What monitors Skyline and how do you monitor Skyline? What are the key things that need to be monitored? What are the expected values? All good questions.

Thunder is a Skyline app that monitors all the Skyline apps and Redis (mariadb, memcached and Graphite to be added in the near future) and notifies on significant changes to any of these components. Thunder also monitors operational changes in terms of volumes of metrics received, app run times, etc and also notifies on these aspects.

Although Skyline will monitor all of these things via the normal analysis of its own metrics, Thunder ensures that the key the operational aspects of all the parts of the Skyline stack are performing as expected without the user needing to configure alerts for lots metrics which they do not know.

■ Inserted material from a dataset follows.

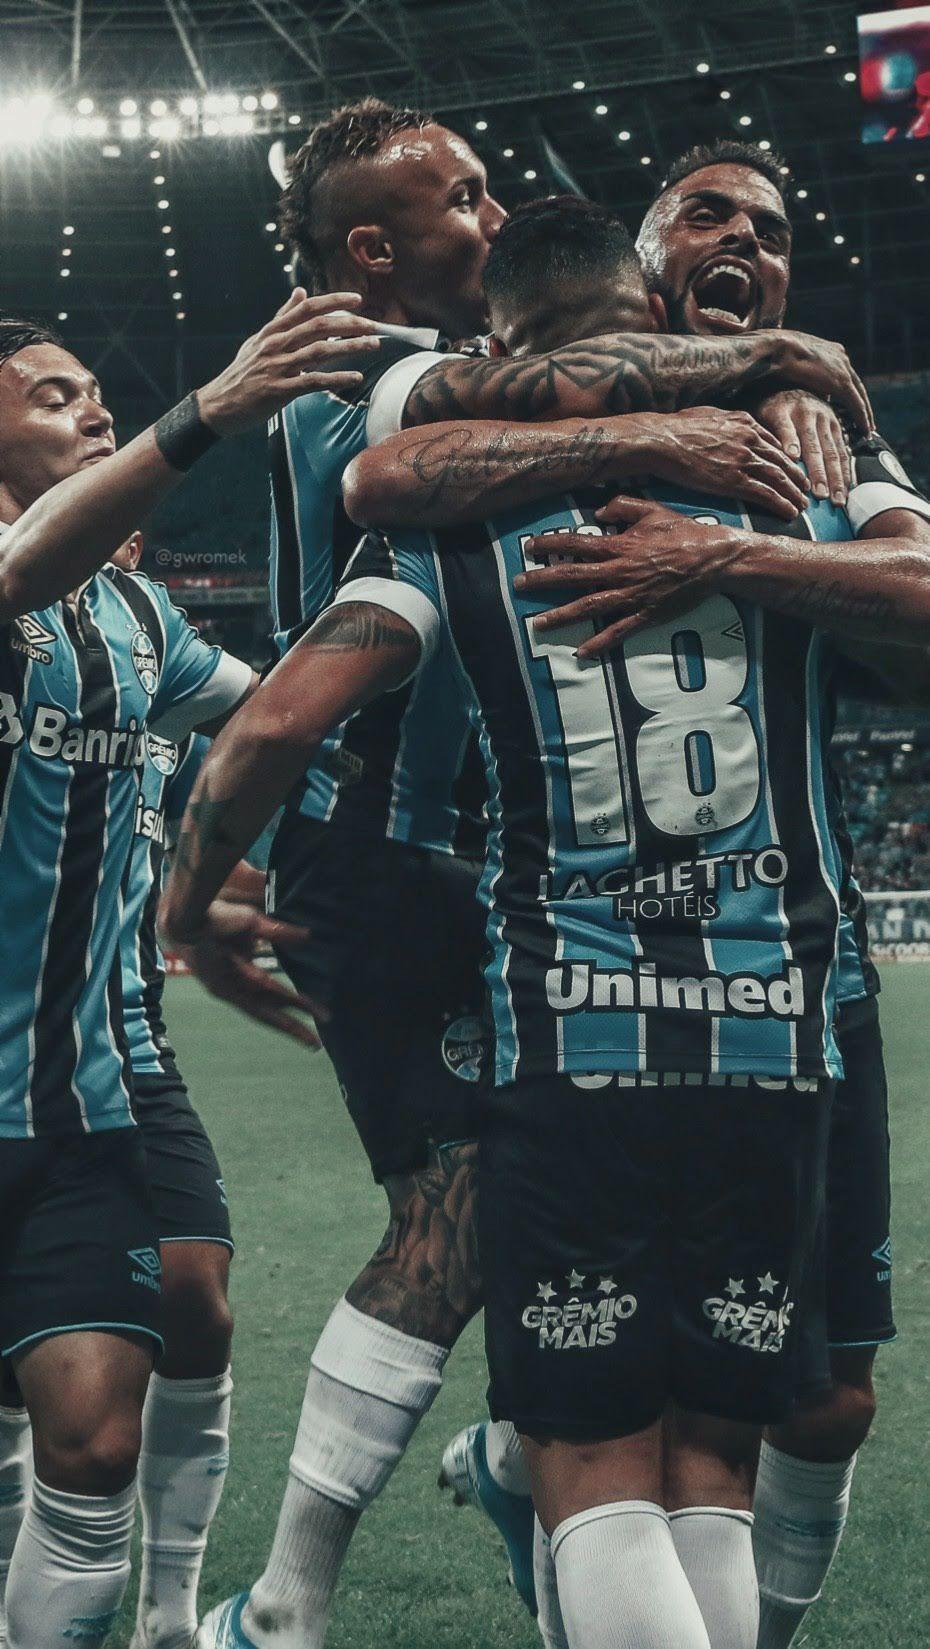 Pin De Jack Spenz Em Gremio Foot Ball Porto Alegrense Gremio Wallpaper Gremio Campeao Gaucho Libertadores Gremio

Thunder can alert via SMTP, Slack and/or PagerDuty and as with all Skyline things each check can be enabled/disabled and configured in settings.THUNDER_OPTS and settings.THUNDER_CHECKS, the defaults should be sufficient to start with. But because every deployed Skyline instance will have different numbers of metrics being analysed, etc, many Thunder checks use proportional values to determine if changes are significant, all these values can be adjusted in settings.THUNDER_CHECKS

Thunder monitors that all enabled apps for DOWN and UP (recovered), each app creates a Redis key for itself periodically to let all the other apps know that it is UP.

Thunder monitors various aspects of each app and each of those are covered in their own pages, but basically Thunder monitors:

  • Apps and Redis are UP

  • Significant changes in metric volumes

  • Significant changes to run times and overruns